Phase 6 — Cross-Task Consistency

• Env-var pattern matches AZ-595: the same E2E_SITL_REPLAY_DIR semantics (set → use; unset / empty / whitespace → ignore). A future fixture builder will set the env var once for the whole scenario run, and both sitl_observer (reads) + fc_proxy_runtime (writes the audit report) consume it from a single source of truth.
• ProxyDriveReport field names mirror the existing ProxyAlignmentReport in fc_proxy.py for alignment_err_ms. No name churn for the AC-3 / AC-NEW-3 evaluator that will eventually read it (blackout_spoof_evaluator already references alignment_err_ms from the proxy's own activation report).
• FileNotFoundError / ValueError discipline matches the rest of e2e/runner/helpers/ (per the b73-b75 cumulative review): missing inputs → FileNotFoundError, malformed inputs → ValueError with a file pointer.
• FT-N-04 scenario rewire: the local _drive_fc_proxy stub now imports runner.helpers.fc_proxy_runtime.drive_fc_proxy and calls it. The scenario's sitl_replay_ready skip gate (added in b75) continues to gate on E2E_SITL_REPLAY_DIR; the new helper writes its audit report into that same directory when the gate is open.

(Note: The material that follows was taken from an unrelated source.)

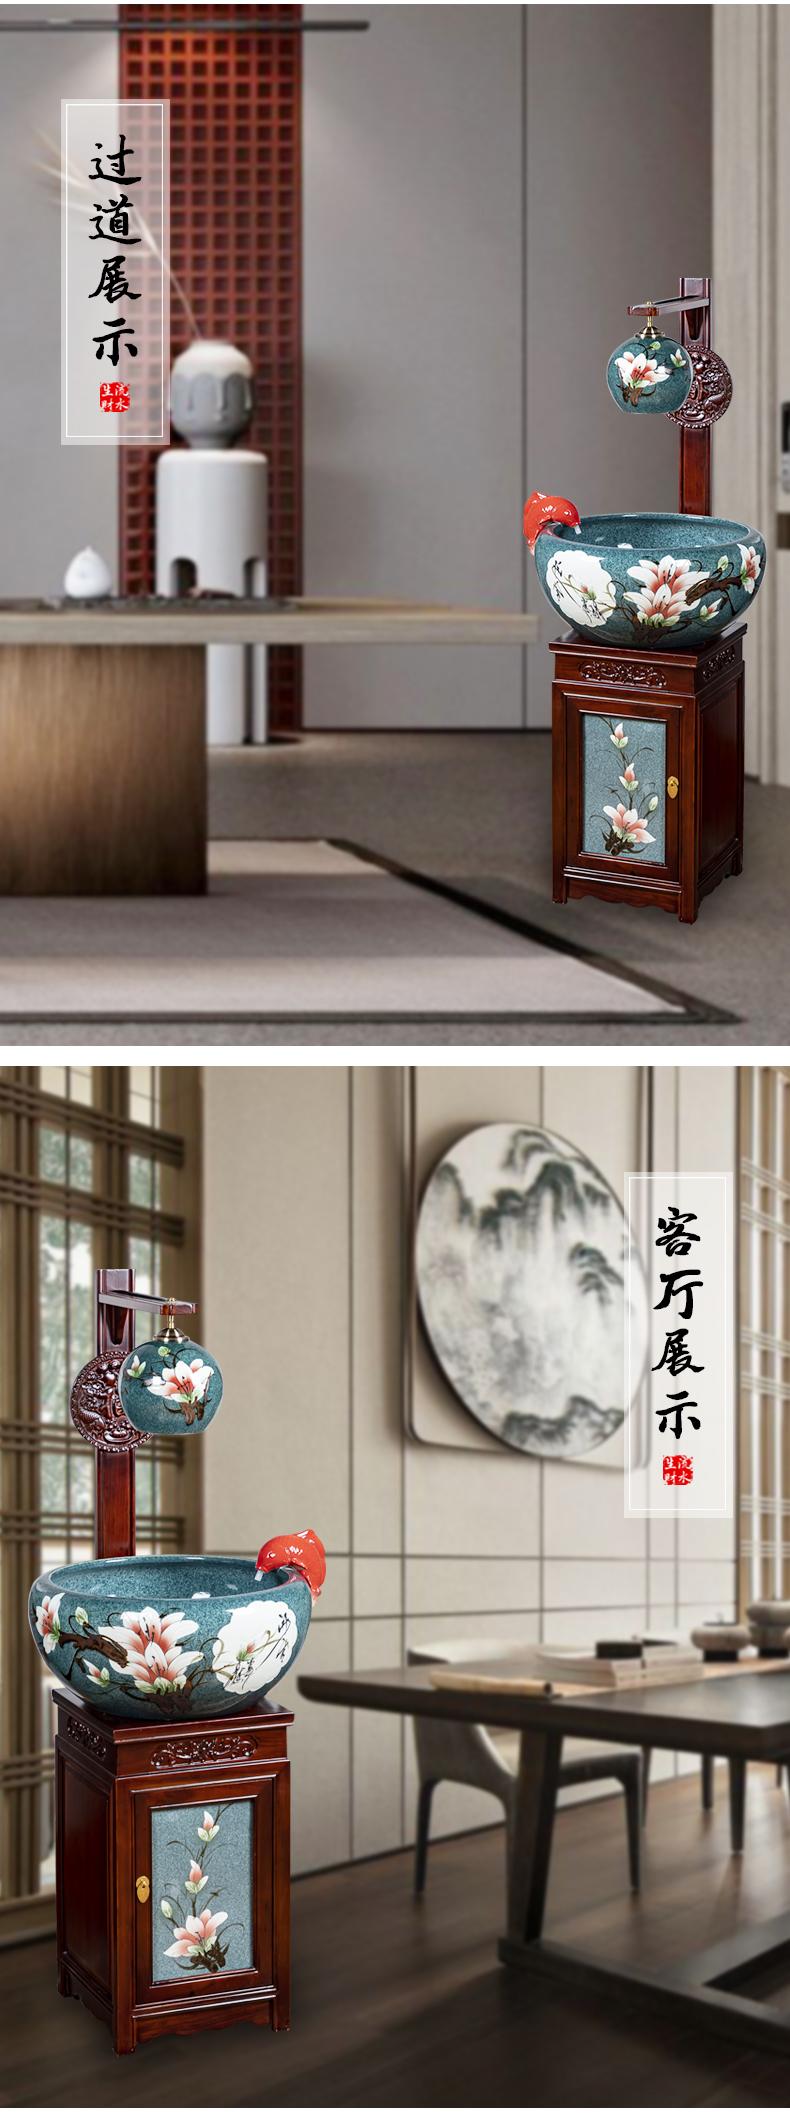 Jingdezhen ceramic cabinet demand goldfish tank be born feel sea cylinder porcelain jar home sitting room porch fish bowl

Phase 7 — Architecture Compliance

• Module placement: e2e/runner/helpers/fc_proxy_runtime.py (new)
  • e2e/_unit_tests/helpers/test_fc_proxy_runtime.py (new). Both registered in e2e/_unit_tests/test_directory_layout.py; the layout invariant test still passes.
• No src/gps_denied_onboard imports anywhere. Confirmed.
• No new top-level dependencies — stdlib only on the runner side; the test side adds nothing new. requirements.txt untouched.
• Backwards-compatible: the BlackoutSpoofProxy change is purely additive — three new @property accessors. Existing callers (the injector's own self-tests, the FT-N-04 fixture) keep working unchanged.

Test Results

• New unit tests: 11 (3 schedule load/error, 2 activation, 6 replay-dir write).
• Full e2e/_unit_tests suite: 608 passed in 124 s (previous cumulative: 596 → +12 net = +11 new fc_proxy_runtime tests + 1 new directory-layout parametrize entry).
• No new linter errors (ReadLints clean on fc_proxy_runtime.py, test_fc_proxy_runtime.py, fc_proxy.py, test_ft_n_04_blackout_spoof.py, test_directory_layout.py).